Download asset Open asset

Differentially active sequences are linked to genes affecting the vocal tract and brain.

(a) Gene ORGANizer enrichment map showing body parts that are significantly over-represented within genes linked to differentially active sequences (false discovery rate [FDR] <0.05). Organs are colored according to the enrichment scale. See Supplementary file 4 for cell types. (b) Human Phenotype Ontology (HPO) phenotypes significantly enriched (FDR <0.05) within differentially active sequences. Fold enrichment is shown in parentheses. See Supplementary file 4 for cell types. (c) CpG islands and read density of active histone modification marks (Kundaje et al., 2015) around the differentially active sequence in *SATB2* (GRCh37 genome version). (d) Violin plots of archaic vs. modern activity of the differentially active sequence in *SATB2*.

Next, we delved into individual phenotypes associated with the differentially active sequences.
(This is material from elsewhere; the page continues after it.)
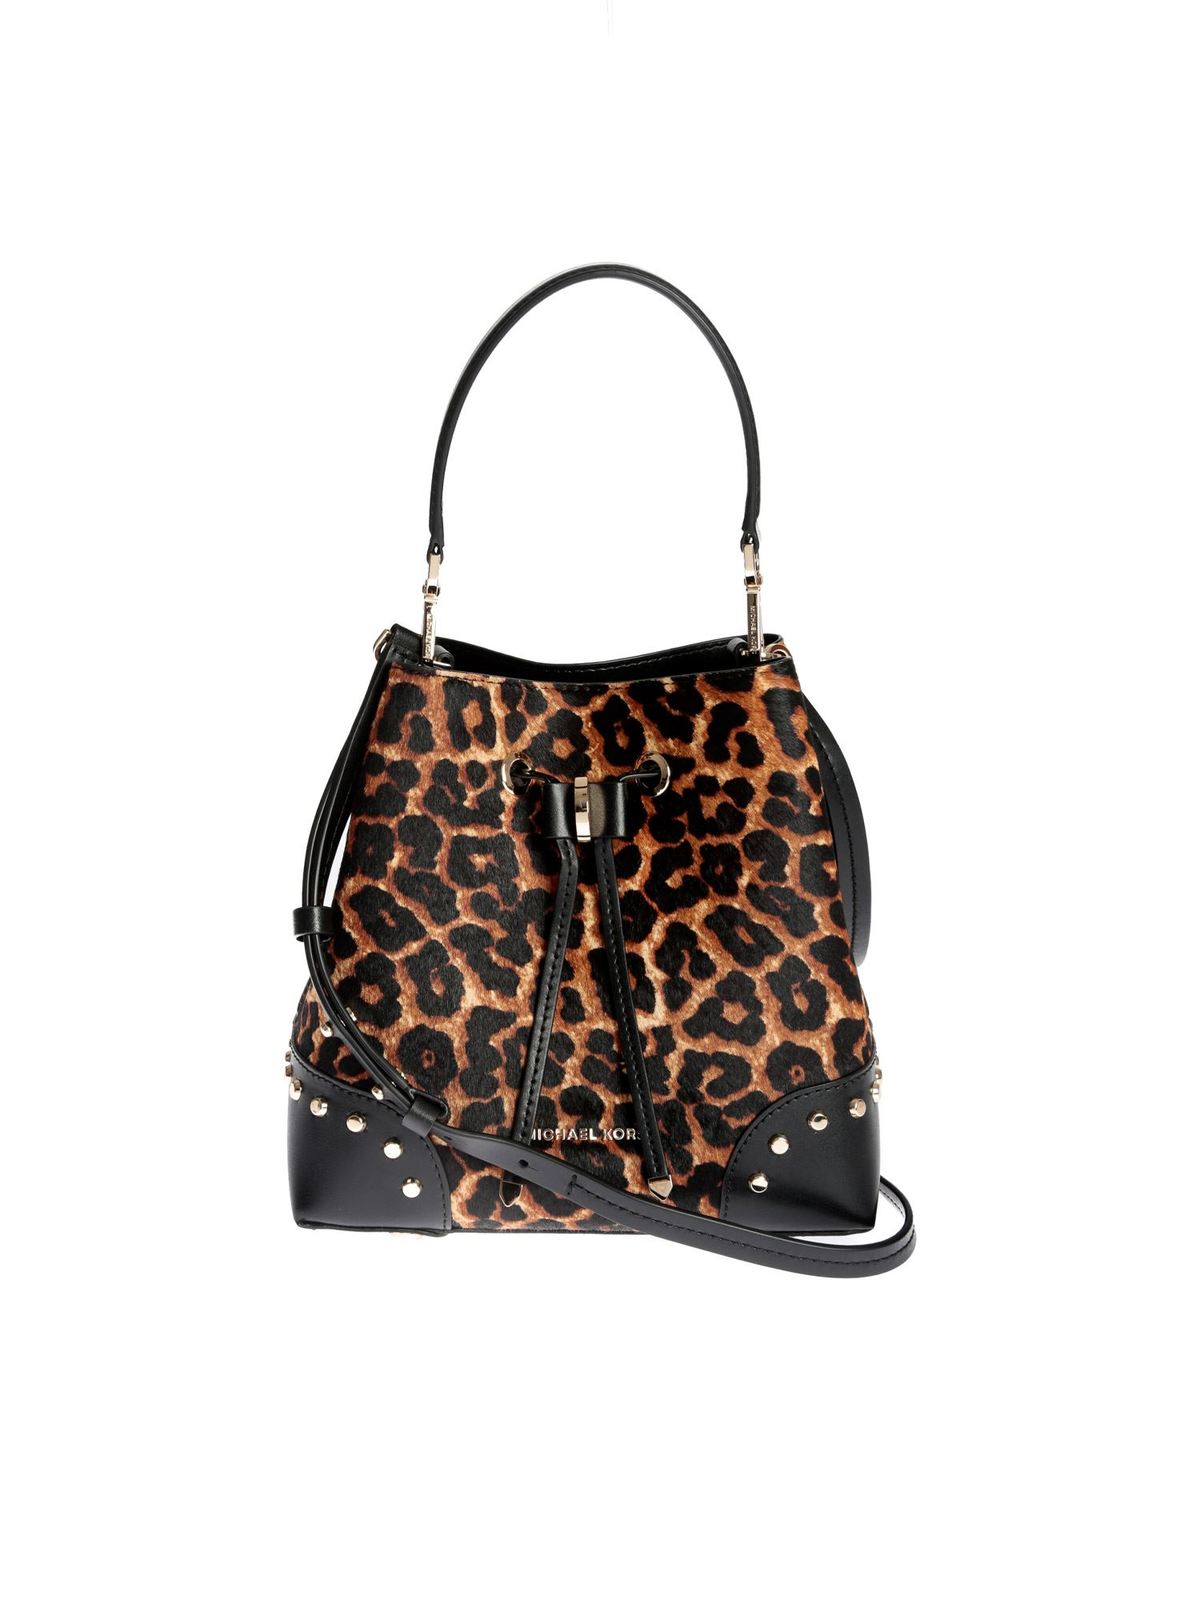 Michael Kors Animal Print Bags & Handbags for Women | eBay

To this end, we used the Human Phenotype Ontology (HPO) database (Köhler et al., 2014), a curated database of genes and the phenotypes they underlie in monogenic disorders. HPO covers a broad range of phenotypes related to anatomy, physiology, and behavior. We found that enriched phenotypes were involved in speech, heart morphology testicular descent, and kidney function (FDR <0.05, Figure 4b, Supplementary file 4b). These results reveal body parts and phenotypes that were particularly associated with gene expression changes between modern and archaic humans, and could be new candidates for phenotypes under selection.
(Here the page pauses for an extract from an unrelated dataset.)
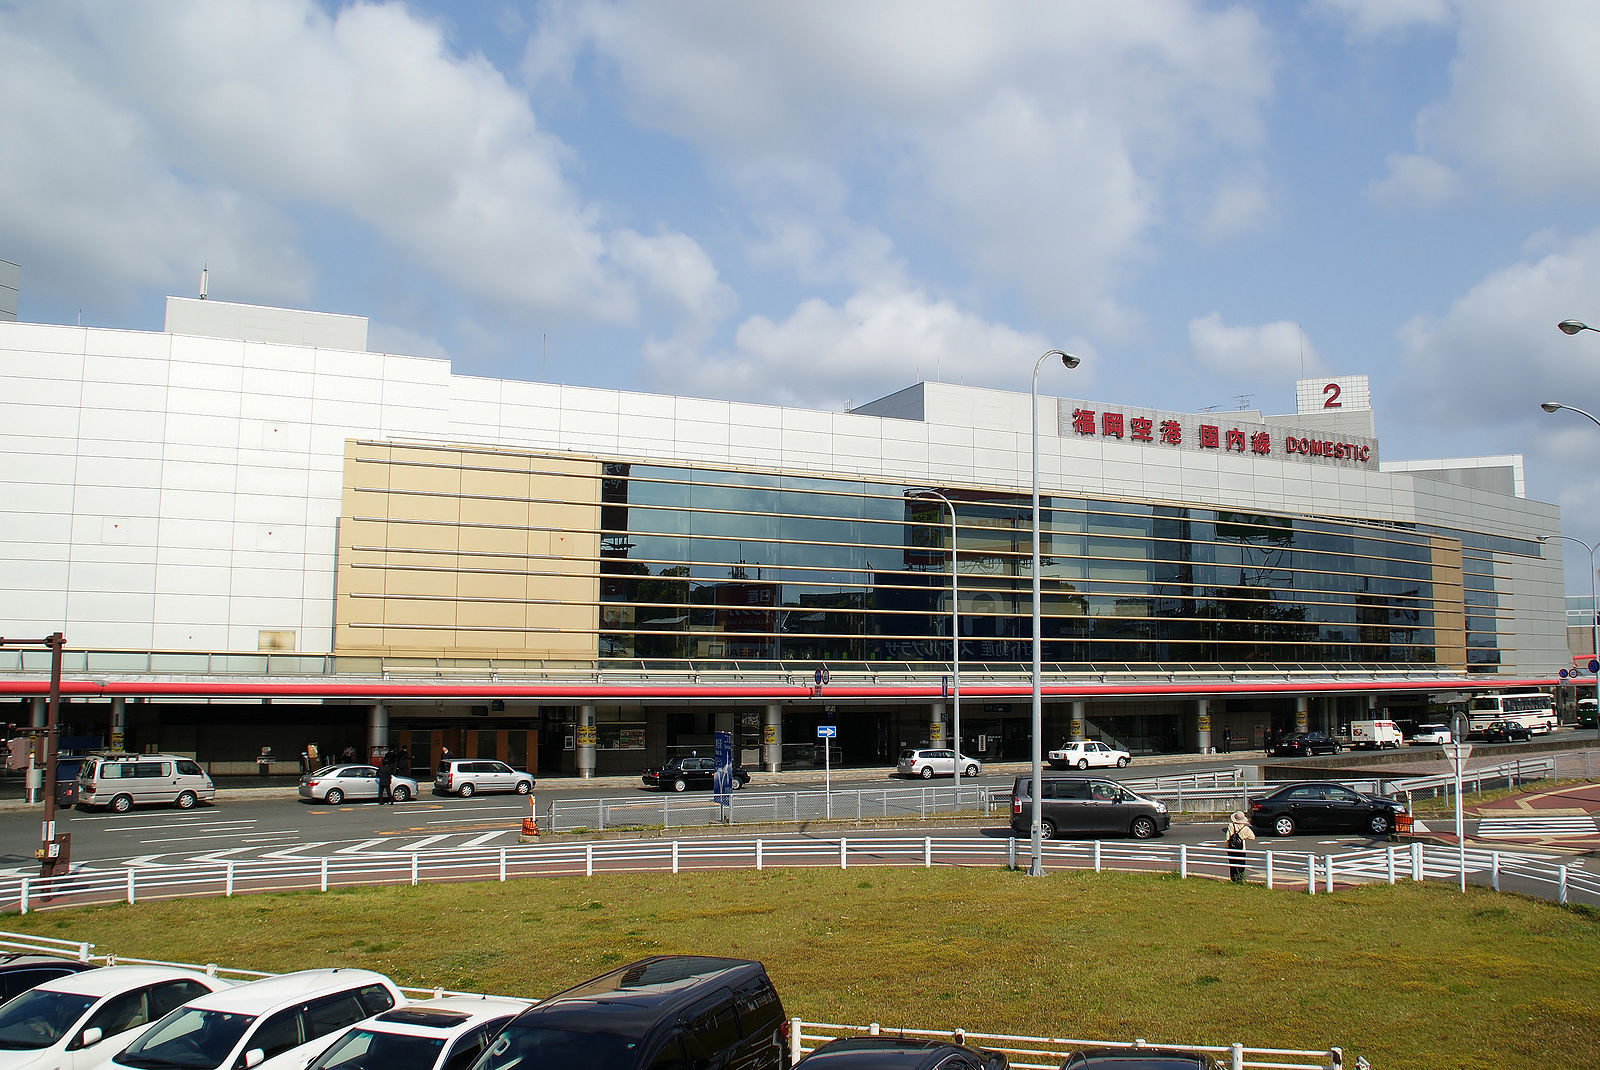 Fukuoka Airport (FUK) serves Fukuoka, Japan.

Downregulation of SATB2 potentially underlies brain and skeletal differences

This catalog of cis-regulatory changes allows us to explore specific sequence changes that potentially underlie divergent phenotypes observed from fossils. To use the most robust data from lentiMPRA, we examined the 10 sequences that are differentially active across all three cell types and looked at their linked genes. To investigate the phenotypes that are potentially linked to these genes, we looked for those genes whose phenotypes can be compared to the fossil record (i.e., skeletal phenotypes). The only gene that fits these criteria was SATB2, a regulator of brain and skeletal phenotypes (Zarate and Fish, 2017). First, we analyzed its linked variant (C to T transition), which is at a position that is relatively conserved in vertebrates (GRCh38: 199,469,203 on chromosome 2, PhyloP score = 0.996). This position is found within a CpG island between two alternative TSS of SATB2 (Figure 4c). It is also found in the first intron of SATB2-AS1, an antisense lncRNA which upregulates SATB2 protein levels (Liu et al., 2017). To determine if this position lies within a regulatory region, we investigated it for chromatin marks in modern humans. We found that it overlaps a DNase I-hypersensitive site (ENCODE Project Consortium, 2012) and shows many peaks of active histone modification marks in all three cell types (Figure 4c, Supplementary file 1f). Indeed, this sequence drives high expression in all three cell types (4th, 8th, and 19th percentile among active sequences, in ESCs, osteoblasts, and NPCs, respectively, FDR <10⁻⁵ across all). Although this sequence shows hallmarks of activity in modern humans, compared to the archaic sequence, the modern human sequence is downregulating in all three cell types (−9% in ESCs, FDR = 6.8×10⁻⁴, −27% in osteoblasts, FDR = 2.2×10⁻⁴², and −12% in NPCs, FDR = 1.1×10⁻⁷, Figure 4d). These results suggest that the ancestral version of this sequence possibly promoted even higher expression in archaic humans.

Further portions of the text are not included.